Data tables
Setting up an AI field
Let a column be computed by the agent from others — extract themes, translate, score.
What an AI field is — and is not
An AI field is a column whose value is neither user input nor a deterministic formula — instead, the agent computes it per row from a prompt at refresh time. Think of it as "run one small LLM call per row, save the result".
It is not real-time, free, or deterministic. Every refresh burns tokens and outputs vary.
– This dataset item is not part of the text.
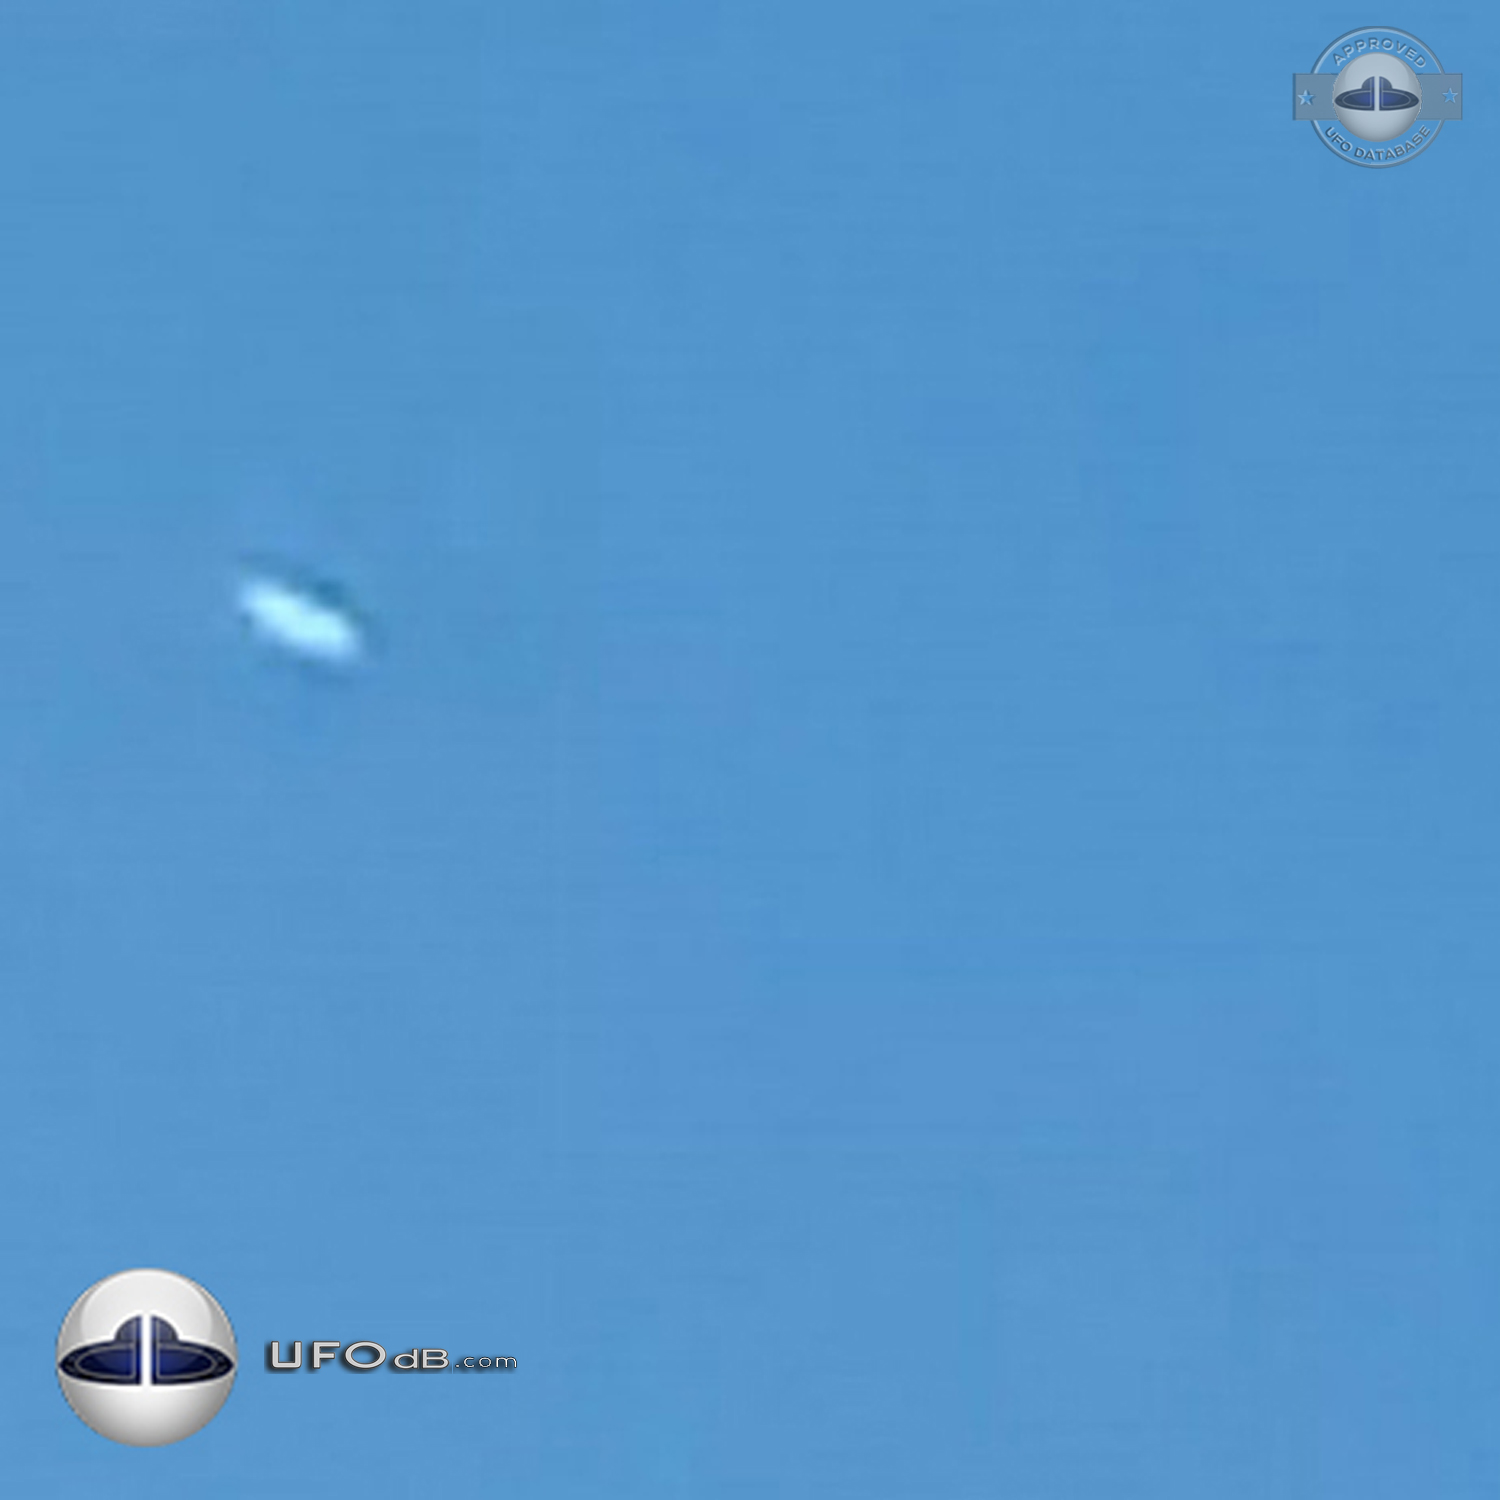 Silent silver Disk UFO gliding in the sky Dalton Pennsylvania USA 2015 UFO Picture #669-4

So it shines for batch jobs — tagging, summarizing, translating — and is a bad fit for displaying live state.
Three things to configure
- Prompt — what to compute; use
{column_name}to reference other fields on the row - Source fields — which columns the prompt reads, used for change detection in Auto mode
- Model — prefer cheap fast ones like
haikuorgpt-4o-mini; reserve GPT-4 / Sonnet for real reasoning - Output format (optional) — text, JSON, or select enum; select-typed output is auto-cast and validated
Example prompts
Three prompts cover roughly 80% of use cases: extraction, classification, generation. Notice how each one constrains output format — that is the single biggest lever for reducing variance.
// Theme extraction (output: JSON array)
From the {transcript} below, extract 3 themes as a JSON array.
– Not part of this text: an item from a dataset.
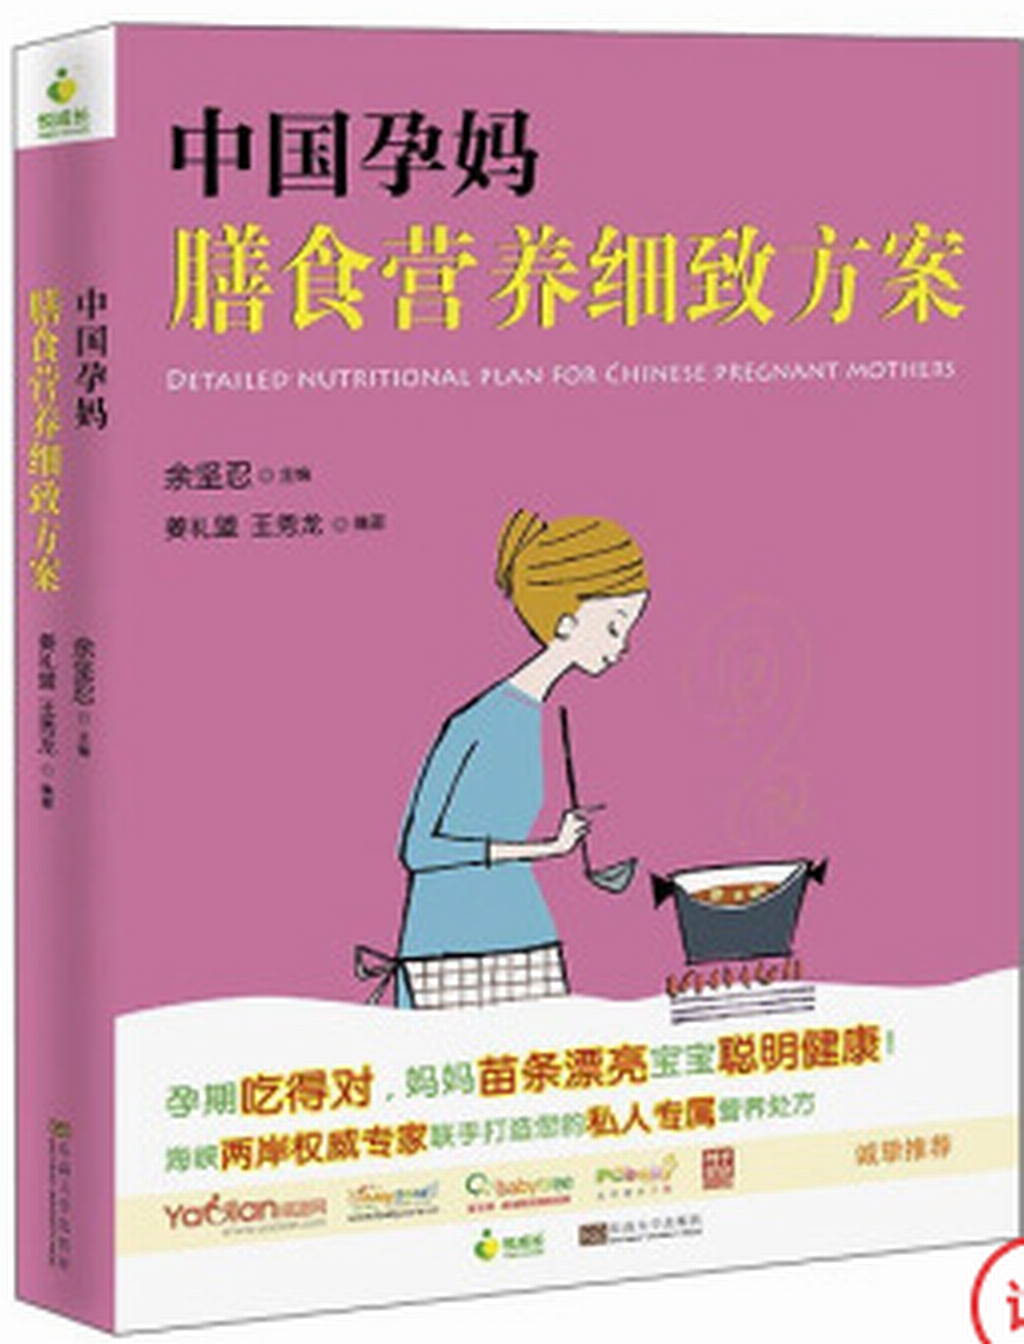 中國孕媽膳食營養細緻方案

Output only the JSON, no commentary.
// Sentiment classification (output: select enum)
Classify the sentiment of {feedback} as one of:
positive, neutral, negative.
Output only the single word.
// Summary generation (output: text, length-bounded)
Summarize {article_body} in 2 sentences for a busy product manager.
Lead with the most actionable insight.Auto vs Manual mode
In Auto mode, any change to a source field triggers a re-compute for that row — feels magical until you accidentally trigger 1000 rows. In Manual mode, nothing runs until you click refresh; you choose "all rows", "current view", or "selected rows".
Default to Manual. Promote to Auto only after the prompt has stabilized. Manual has a bonus: after a successful batch, export the result column to CSV as an audit trail — future prompt tweaks will not silently overwrite history.
Cost control
- Use cheap models —
haikuis about $0.001 per row; GPT-4 is about $0.05 - Pass only what the prompt needs —
{summary}is 50x cheaper than{full_transcript} - For one-shot batches, check "Skip rows with non-empty output" so you do not double-charge
- Check Settings → Usage for per-table / per-field token tallies — anomalies pop immediately
- Pro multi-provider routing lets you pin AI fields to a cheap provider while chat uses a premium one
Debugging AI fields
A row looks wrong? Right-click the cell → "Show last prompt" to see exactly what was sent to the model. Nine times out of ten the issue is an empty source field that turned into undefined in the prompt, leaving the model to guess.
After editing a prompt, invalidate cached outputs via Settings → Tables → AI fields → "Invalidate cache". The next refresh recomputes everything from scratch.